Supreme Court of Arizona

May 31, 1955

PHOENIX METALS CORPORATION, a corporation, Appellant,
William ROTH and Ellen E. Roth, husband and wife, Appellees.

Shimmel, Hill & Hill, Phoenix, for appellant.

Clarence O. Fehling, Phoenix, for appellees.

UDALL, Justice.

This is an appeal from an order denying defendant's motion to vacate and set aside a clerk's default and a later default judgment entered in said action.

[79 Ariz. 107] The action was commenced on December 4, 1952, by William Roth et ux. (plaintiffs-appellees) to recover $2,711.12 on a contract of employment with defendant-appellant, Phoenix Metals Corporation, a corporation. (The parties will hereafter be referred to as plaintiff and defendant.) The defendant was served with process on December 5, 1952 and it timely filed an answer and paid the filing fee to the clerk of court on December 24, 1952. However the clerk, purporting to act under Rule 55(a), Rules Civ.Proc., Section 21-1205, A.C.A.1939, upon application of counsel for plaintiff, improperly entered defendant's default on December 27, 1952. Thereafter, on January 5, 1953, the court entered judgment against the defendant for the full amount claimed and therein foreclosed a writ of garnishment against the Garrett Corporation in the sum of $1,656.12. Defendant was aware this writ had issued but upon advice of counsel no bond was posted, defendant deciding to leave the sequestered funds to abide the outcome of the action.

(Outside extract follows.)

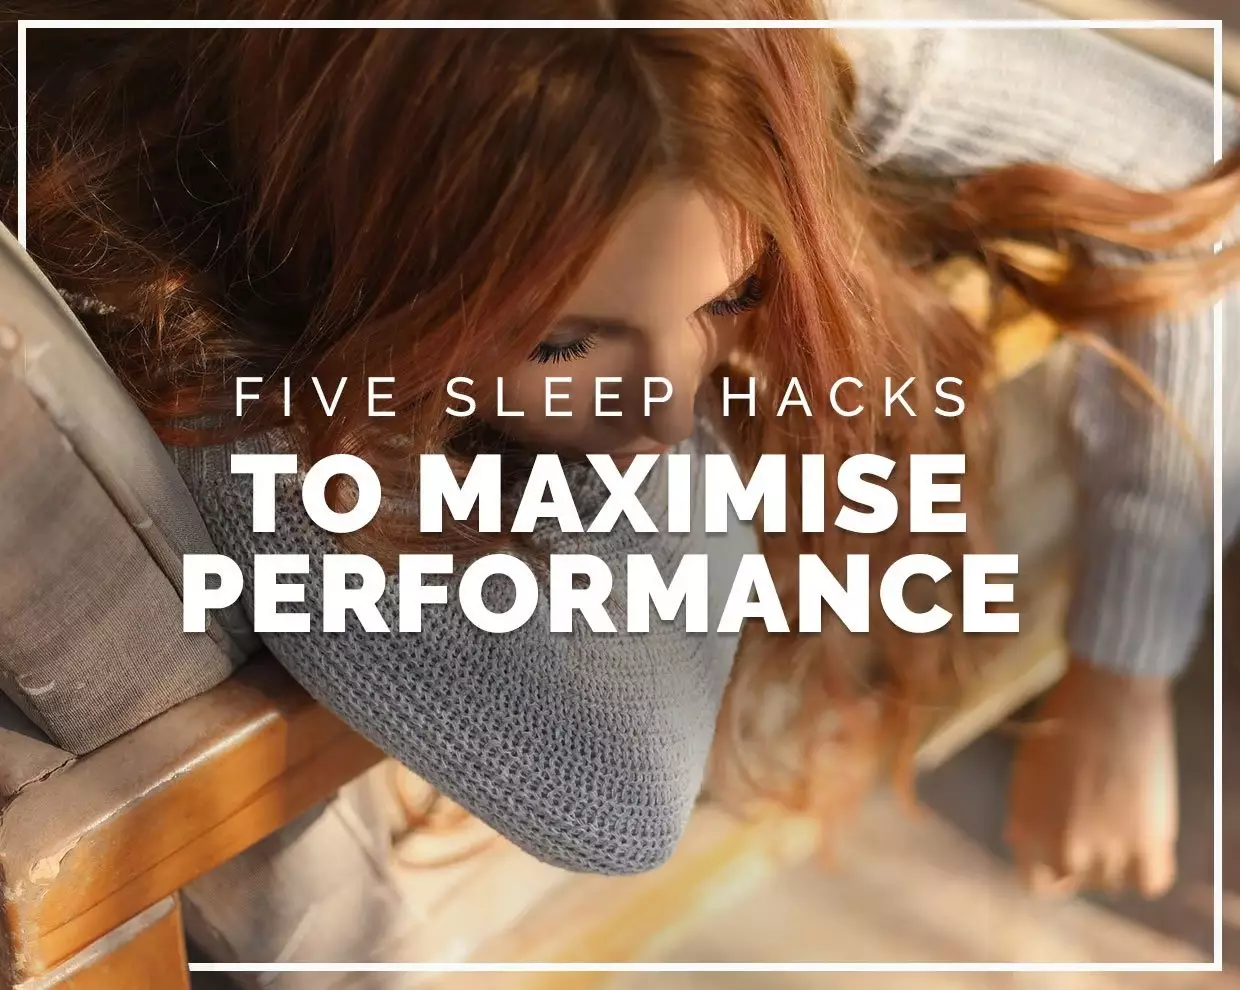 Five sleep hacks to maximise performance

Neither the defendant corporation nor its counsel was informed the writ had been foreclosed and the moneys paid to plaintiff. Nor did the defendant or its counsel have notice of the entry of said default, or the rendition of said judgment, until thirteen months later

Page 646

when on February 4, 1954, counsel learned of it after giving notice of intention to take the plaintiff's deposition. Upon being advised that a judgment had been entered defendant immediately moved to vacate and set aside clerk's default and the default judgment as being void. This was supported by an affidavit and memorandum of authorities. After this motion was denied, a motion for rehearing and reconsideration was filed-briefed and orally argued-and it was denied on March 24, 1954. This appeal followed.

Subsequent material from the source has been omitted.